HOW TO COMPLETE THIS TASK:
Please return every line of the material verbatim and skip any images.

SUPPLIED MATERIAL:
※
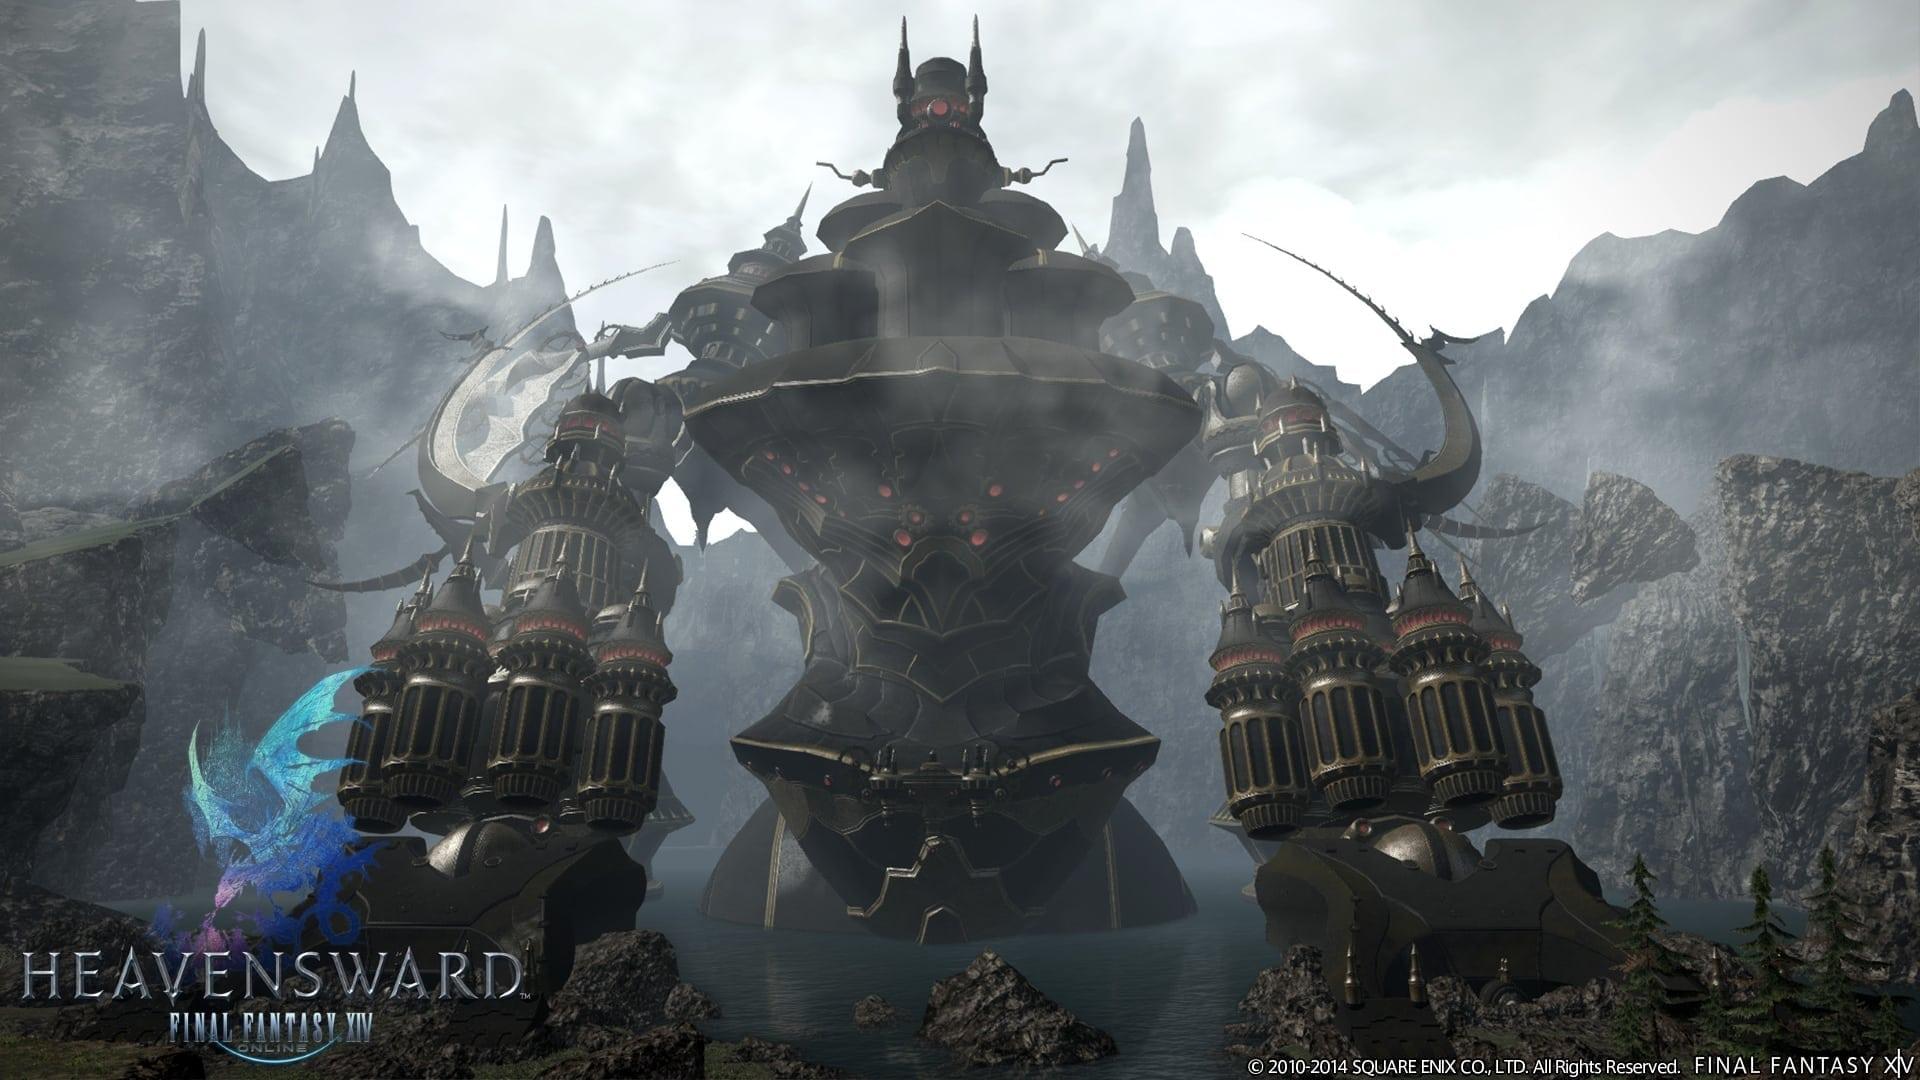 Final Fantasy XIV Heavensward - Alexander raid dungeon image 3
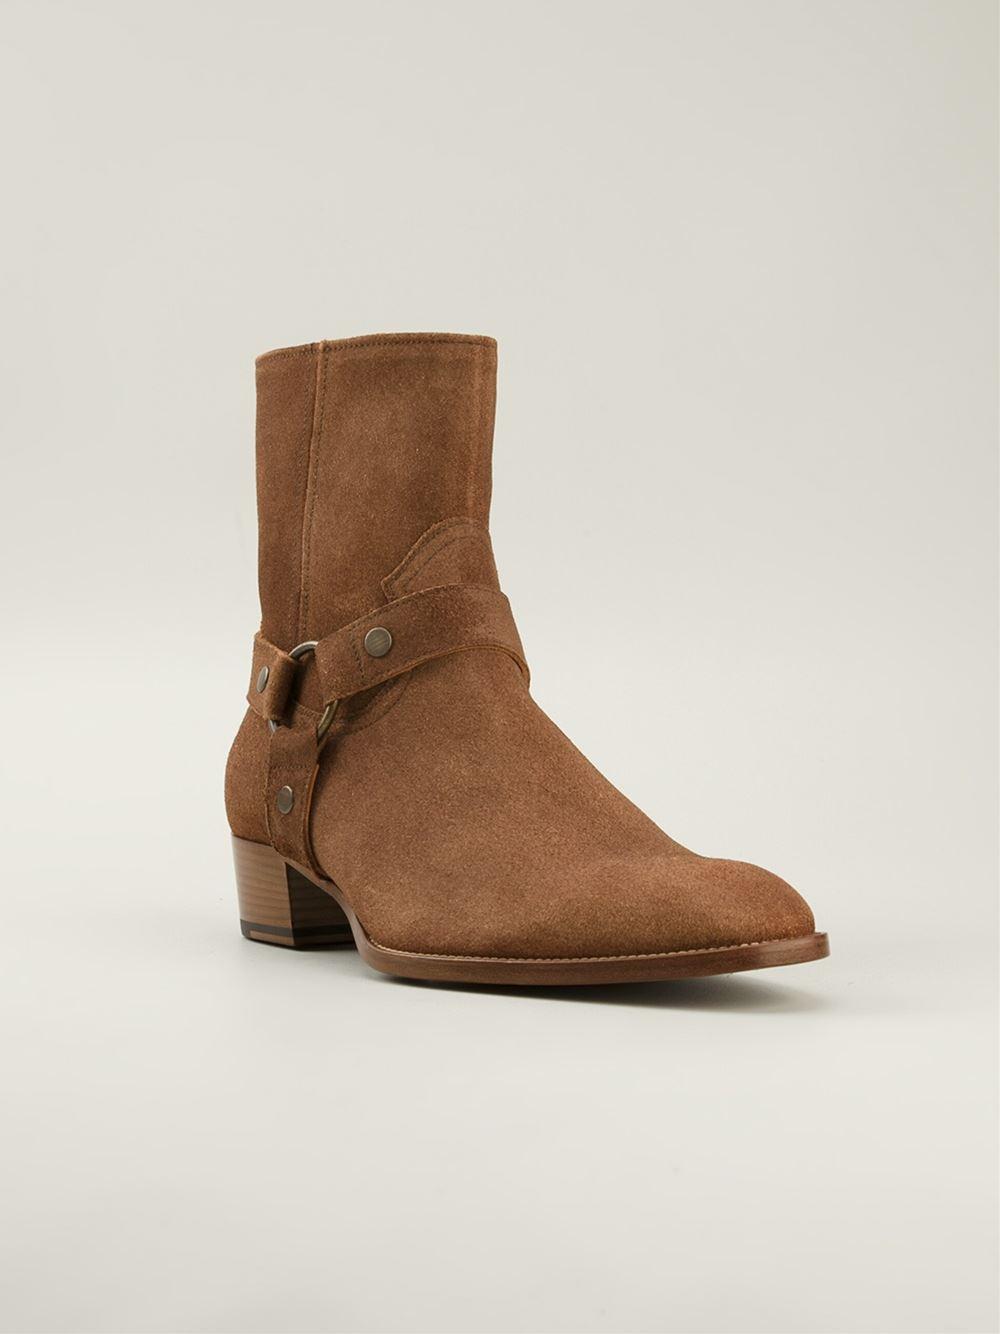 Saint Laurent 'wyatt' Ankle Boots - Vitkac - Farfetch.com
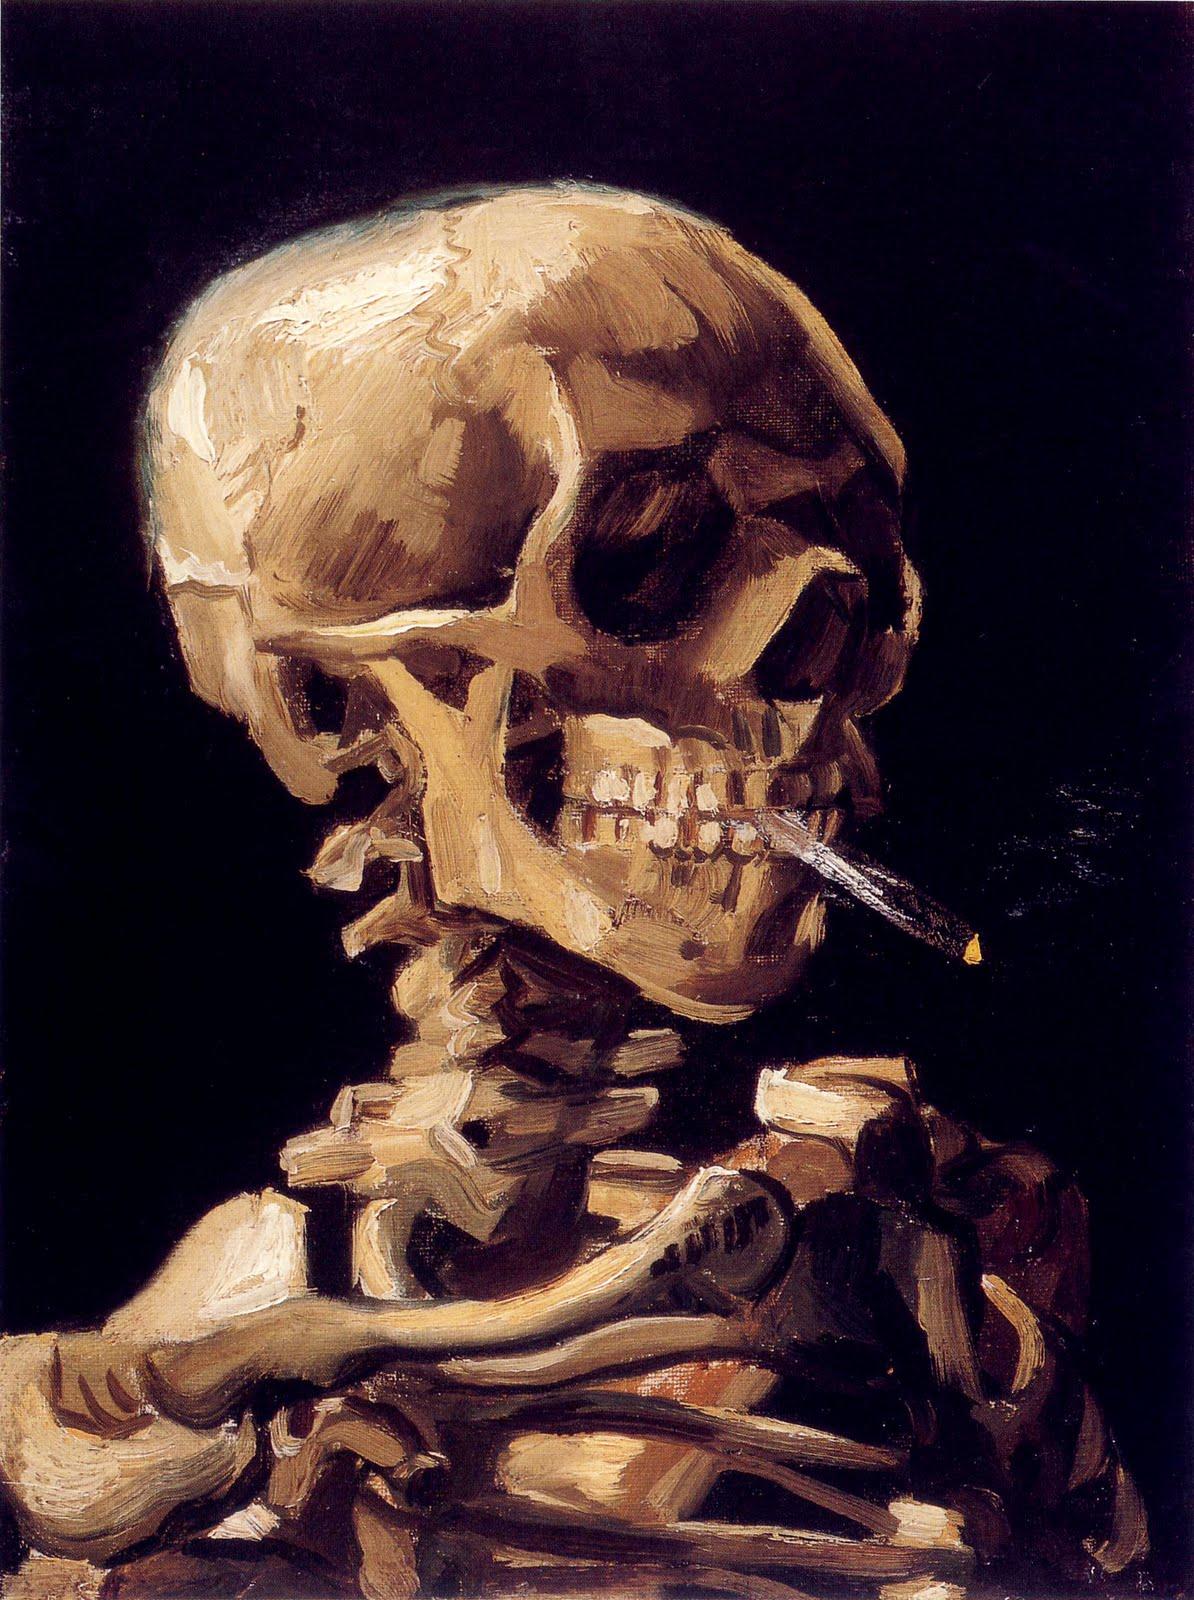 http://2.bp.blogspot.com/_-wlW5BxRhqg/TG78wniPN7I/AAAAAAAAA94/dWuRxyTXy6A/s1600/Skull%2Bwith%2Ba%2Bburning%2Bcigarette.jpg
※
RESPONSE TO THE TASK:
 Final Fantasy XIV Heavensward - Alexander raid dungeon image 3
 Saint Laurent 'wyatt' Ankle Boots - Vitkac - Farfetch.com
 http://2.bp.blogspot.com/_-wlW5BxRhqg/TG78wniPN7I/AAAAAAAAA94/dWuRxyTXy6A/s1600/Skull%2Bwith%2Ba%2Bburning%2Bcigarette.jpg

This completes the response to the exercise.